As mentioned in the previous section, bindkey -m now outputs a warning message telling you that multibyte input from the terminal is likely not to work. (See 3.5 if you don't know what this feature does.) If your terminal doesn't have characters that need to be input as multibyte, however, you can still use the meta bindings and can ignore the warning message. Use bindkey -m 2>/dev/null to suppress it.

You might also note that the latest version of the Cygwin environment for Windows supports UTF-8. In previous versions, zsh was able to compile with the MULTIBYTE option enabled, but the system didn't provide full support for it.

5.4: How can I input characters that aren't on my keyboard?

Two functions are provided with zsh that help you input characters. As with all editing widgets implemented by functions, you need to mark the function for autoload, create the widget, and, if you are going to use it frequently, bind it to a key sequence. The following binds insert-composed-char to F5 on my keyboard:


    autoload -Uz insert-composed-char
    zle -N insert-composed-char
    bindkey '\e[15~' insert-composed-char

The two widgets are described in the zshcontrib(1) manual page, but here is a brief summary:

insert-composed-char is followed by two characters that are a mnemonic for a multibyte character. For example a: is a with an Umlaut; cH is the symbol for hearts on a playing card. Various accented characters, European and related alphabets, and punctuation and mathematical symbols are available.
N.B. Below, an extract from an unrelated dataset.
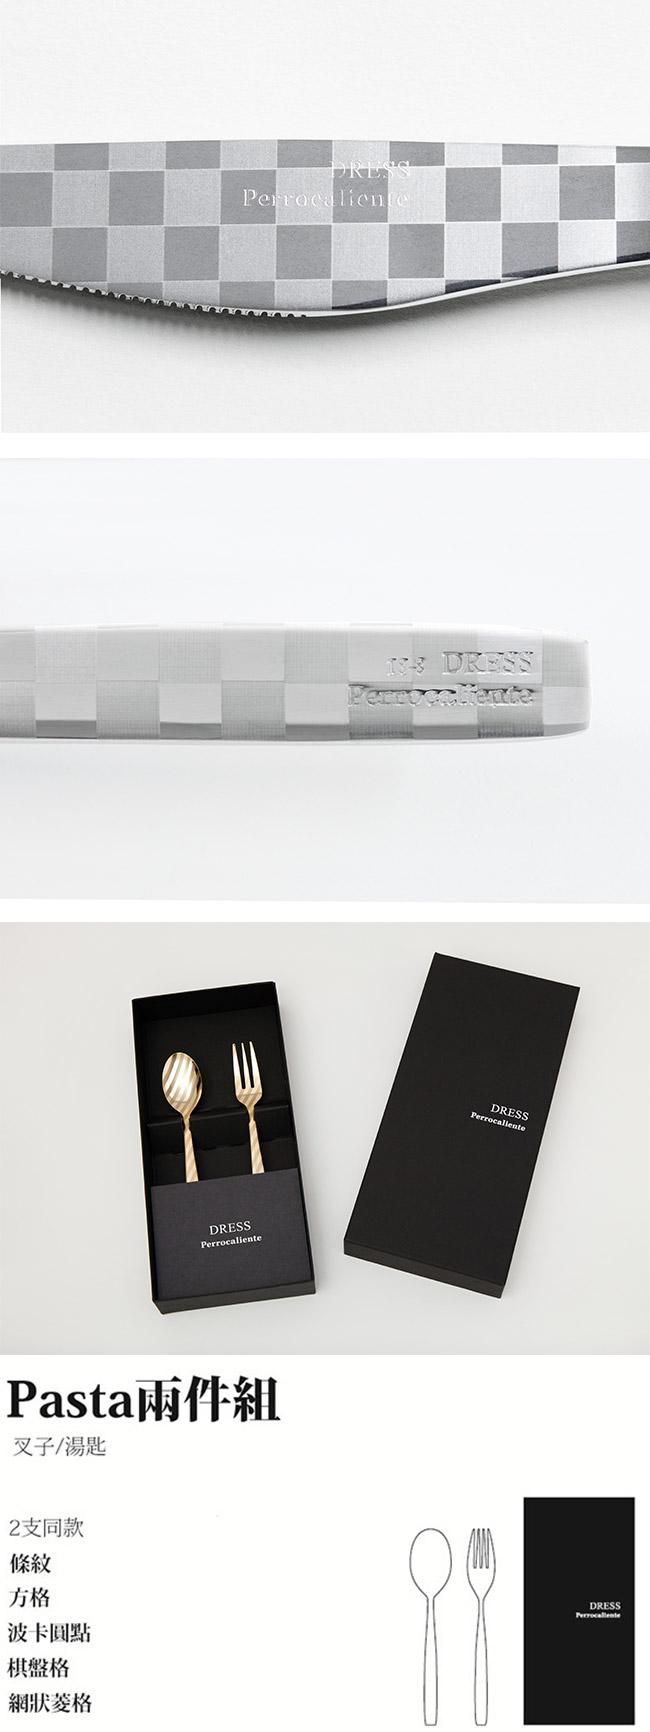 Perrocaliente Dress Gift Set 金色盒裝餐具組 點心匙&叉兩件組 棋盤格

The mnemonics are mostly those given by RFC 1345, see http://www.faqs.org/rfcs/rfc1345.html.

insert-unicode-char is used to input a Unicode character by its hexadecimal number. This is the number given in the Unicode character charts, see for example http://www.unicode.org/charts/. You need to execute the function, then type the hexadecimal number (you can omit any leading zeroes), then execute the function again.

Both functions can be used without multibyte mode, provided the locale is correct and the character selected exists in the current character set; however, using UTF-8 massively extends the number of valid characters that can be produced.

If you have a recent X Window System installation, you might find the AltGr key helps you input accented Latin characters; for example on my keyboard AltGr-; e gives e with an acute accent. See also http://www.cl.cam.ac.uk/~mgk25/unicode.html#input for general information on entering Unicode characters from a keyboard.